Villous tissue was dissected free of membranes and vessels from placentas obtained near term by elective Cesarean section from healthy mothers with uncomplicated pregnancies. After rinsing and mincing in Ca2+-, Mg2+-free PBS, cytotrophoblastic cells were isolated by trypsin-DNase digestion and discontinuous Percoll gradient fractionation, as previously described (4, 5). Cytotrophoblastic cells were plated in triplicate in 60-mm culture dishes (3 x 106 cells/dish) in 3 ml of DMEM, incubated at 37 C in humidified 5% CO2/95% air, and allowed to aggregate, fuse and form syncytia. Twenty-four hours later the cells were treated with the synthetic ligands BMS649 (0.1 µM), BMS753 (0.1 µM), fenofibric acid (1 mM), L-165041 (0.1 µM) and rosiglitazone (BRL 49653, 0.1 µM) dissolved in DMSO. At the concentrations used, these compounds did not affect cell viability (as tested by trypan blue exclusion) or cell morphology. Control cultures were treated with the same volume of solvent, ethanol or DMSO (1 part per 1000).

Hormone assays
The hCG concentration was determined in culture media by using the chemiluminescence immunoassay system ACS-180SE (Bayer Diagnostics) with a detection limit of 2 mU/ml. Free ß-subunits of hCG were measured using a specific RIA as previously described (41). All values are reported as means ± SEM of triplicate determinations. Data were analyzed for variance with the Bonferroni test. Differences were considered significant at P < 0.05.

Immunocytochemical and immunohistochemical staining
Cells were cultured on sterile glass slides for 72 h, fixed for 20 min in 4% paraformaldehyde acid, and permeabilized for 30 min in 0.3% Triton X-100. After preincubation with 7% sheep serum, monoclonal antibodies against RXR{alpha} (4RX3A2 (42), diluted 1/500) and PPAR{gamma} (E-8, Santa Cruz Biotechnology, Inc., diluted 1/100) were applied overnight at 4 C. Bound antibodies were revealed after 1 h with a biotinylated antimouse antibody (Amersham Pharmacia Biotech, Les Ulis, France, diluted 1/200), followed by 45 min of incubation at room temperature in the dark with a streptavidin-fluorescein complex (Amersham Pharmacia Biotech, diluted 1/500). In all experiments cells were extensively washed with PBS containing 1% Tween 20 between each step. Finally, slides were coverslipped in a drop of fluorescent Dapimounting medium (Vector Laboratories, Inc., Burlingame, CA) and analyzed under an epifluorescence microscope. To ensure the specificity of the immunological reactions, negative controls were run by substituting the primary antibodies with nonimmune mouse serum.

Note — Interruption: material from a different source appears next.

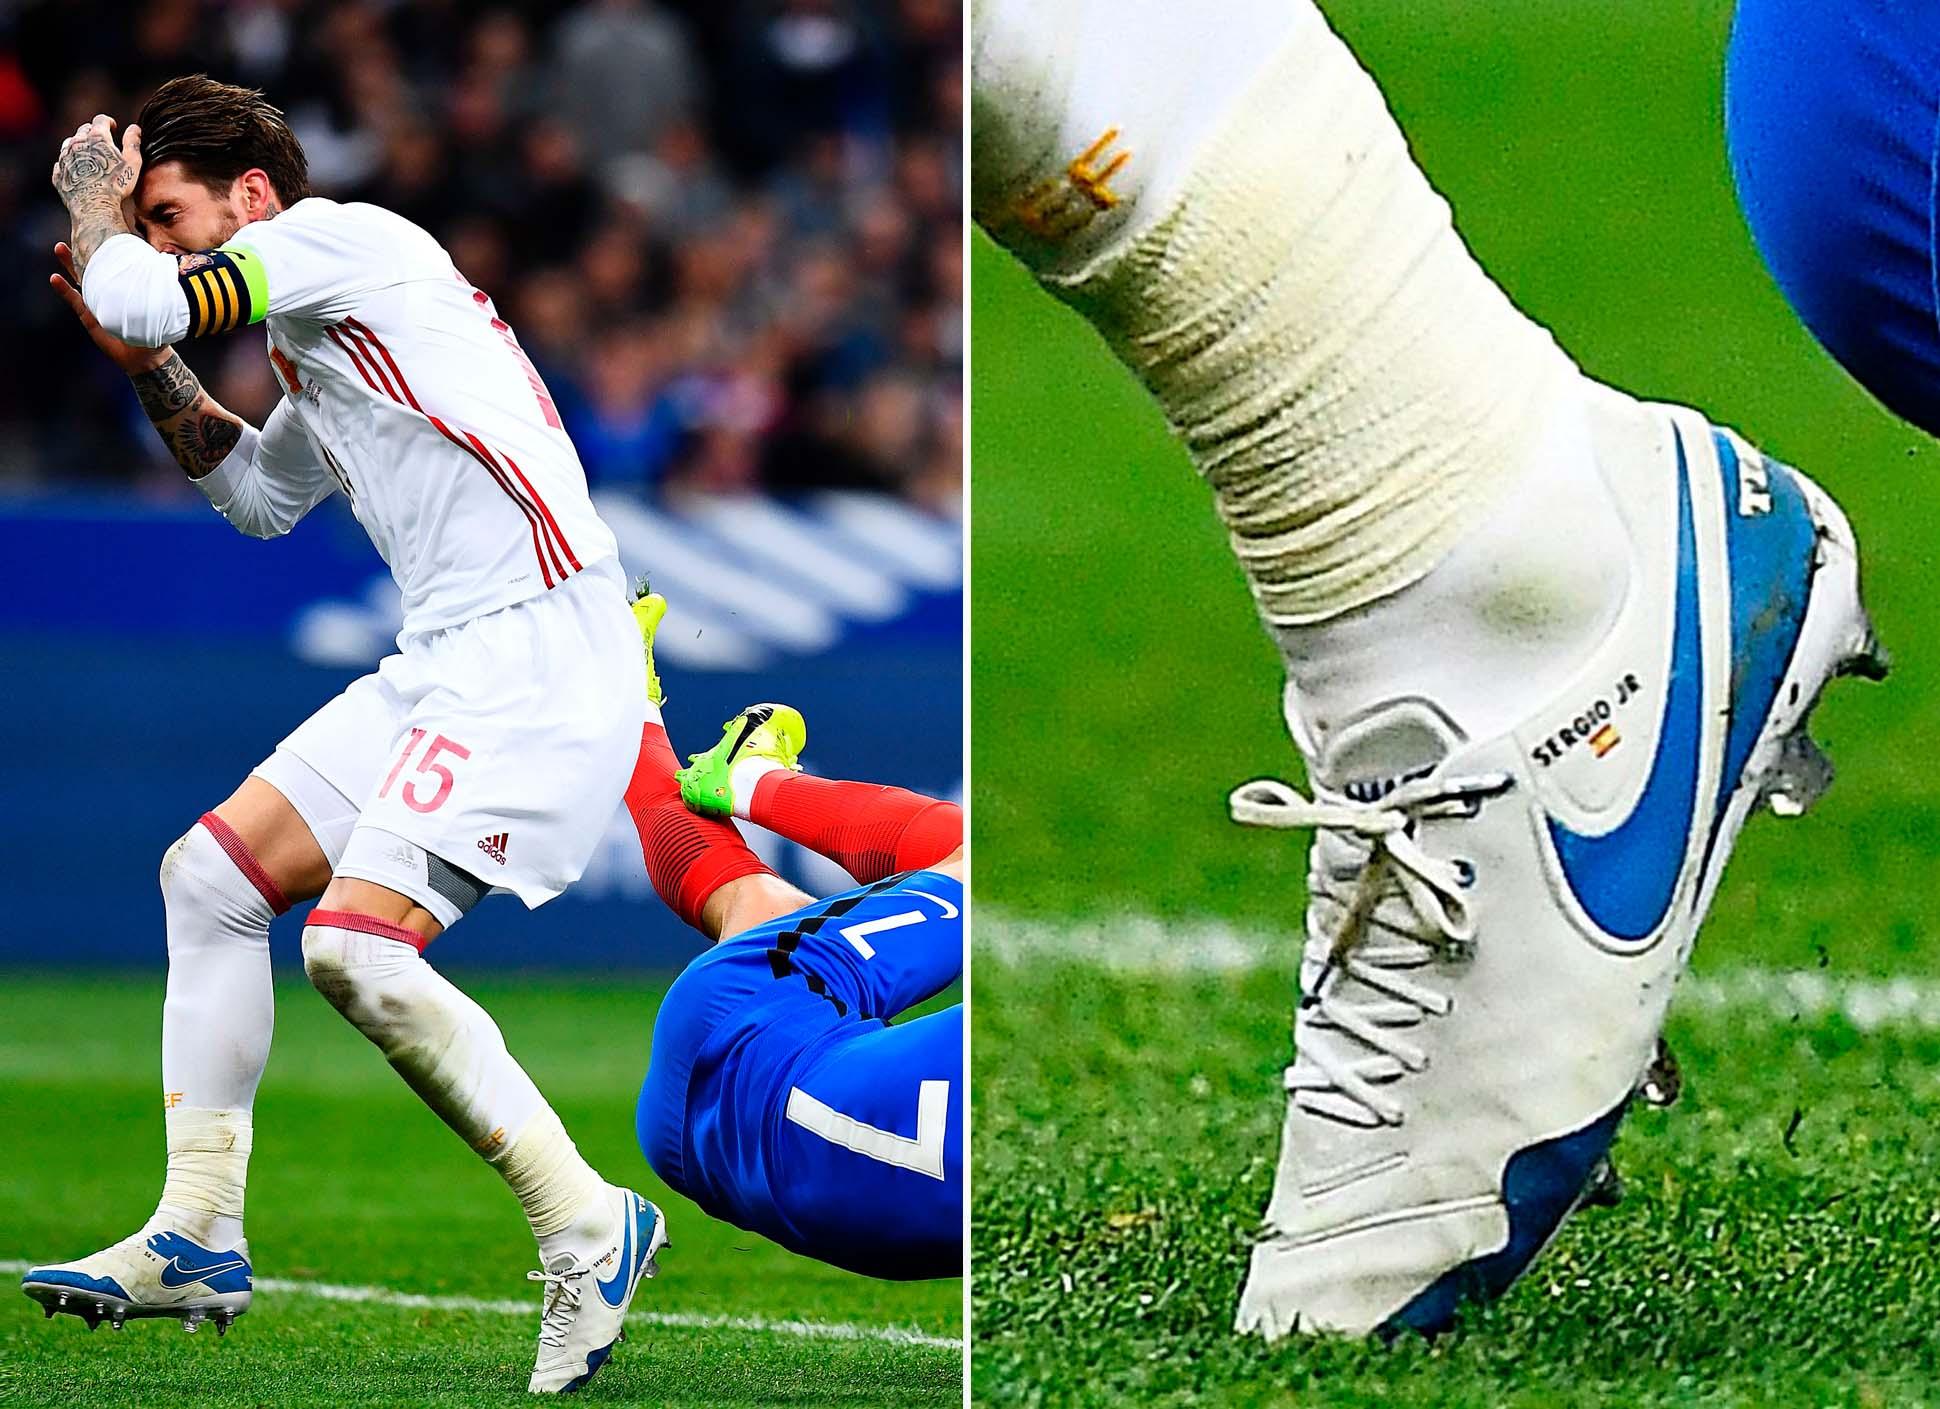 Bonucci & Strootman Wear Nike Air Max Magista Football Boots

For immunohistochemical staining, tissue was embedded in Tissue Tek, frozen in isopentane, and kept at -80 C. Tissue sections (10 µm) were cut, mounted on Superfrost Plus slides and fixed in 4% paraformaldehyde acid and 0.3% Triton X-100 for 30 min. Sections were processed as described above with monoclonal antibodies against PPAR{gamma} and a fluorescein-coupled antimouse antibody (Jackson ImmunoResearch Laboratories, Inc., West Grove, PA, diluted 1/200).

RNA and protein analysis
Total RNA was prepared according to Chomczynski and Sacchi (43) and analyzed by Northern blotting as previously described (44) with a random-primed labeled hamster PPAR{gamma} probe (45). A human acidic ribosomal phosphoprotein 36B4 cDNA clone was used as control.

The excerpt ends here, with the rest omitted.